Research output: Contribution to journalArticlepeer-review

12 Scopus citations

Abstract

Clear cell adenocarcinoma (CCAC) of the urethra is a rare neoplasm, morphologically identical to its homologue arising in the female genital tract. The histogenesis of this neoplasm is uncertain. We present clinical, histopathologic, and immunohistochemical findings of four CCAC of the urethra and discuss the histogenesis and difficulties in diagnosis and differential diagnosis.

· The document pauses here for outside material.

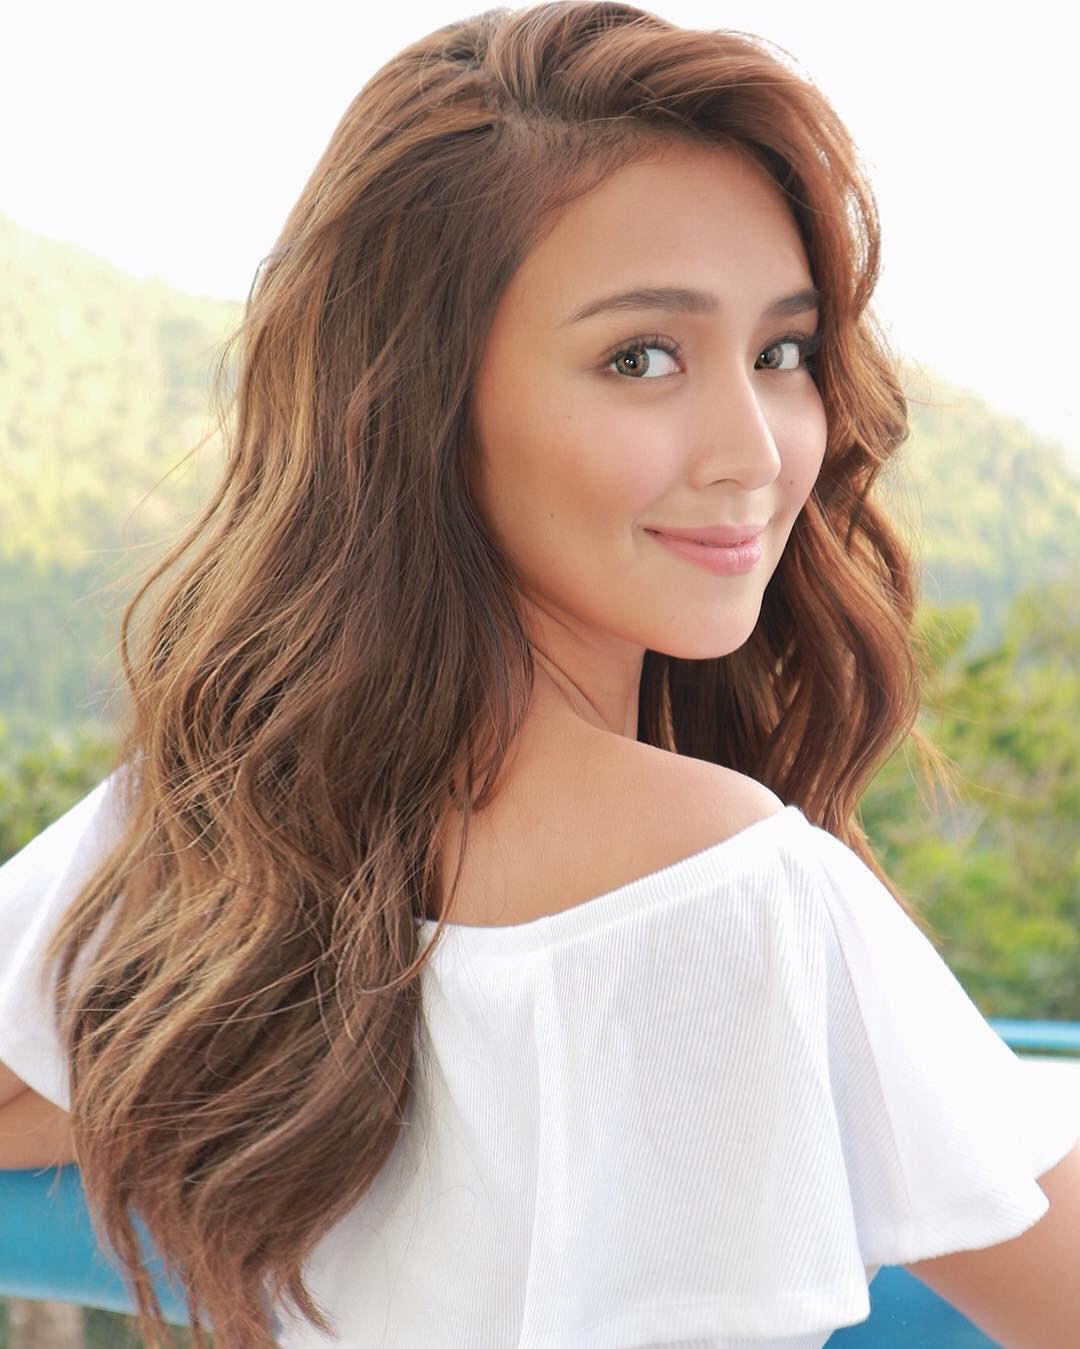 Kathrynbernardo Hair Color Asian Hair Color For Morena Hair Color For Brown Skin

CCAC of the urethra occurred in females (4/4). Two neoplasms were identified in urethral diverticulum; one of the two cases, in close proximity to a nephrogenic adenoma. CCAC exhibited tubulocystic, papillary, and diffuse/solid growth patterns. The neoplastic cells were cuboidal or columnar with eosinophilic or clear cytoplasm, and nuclear pleomorphism of at least moderate degree. Hobnail features and tumor necrosis were also observed. CCAC expressed p53 (4/4), AMACR (3/4), vimentin (3/4), PAX8 (2/4), CK7 (2/4), cytokeratin 34betaE12 (2/4), RCC (1/4), and CK20 (1/4) and were negative for PSA, WT1, ER, CA 125, uroplakin III, p16, and p63. The immunohistochemical profile supports a possible renal tubular cell differentiation/mesonephric origin for some urethral CCAC. Nephrogenic adenoma and metastatic clear cell carcinoma are the most important differential diagnostic considerations. Multicenter studies on more cases may improve our understanding of this malignancy.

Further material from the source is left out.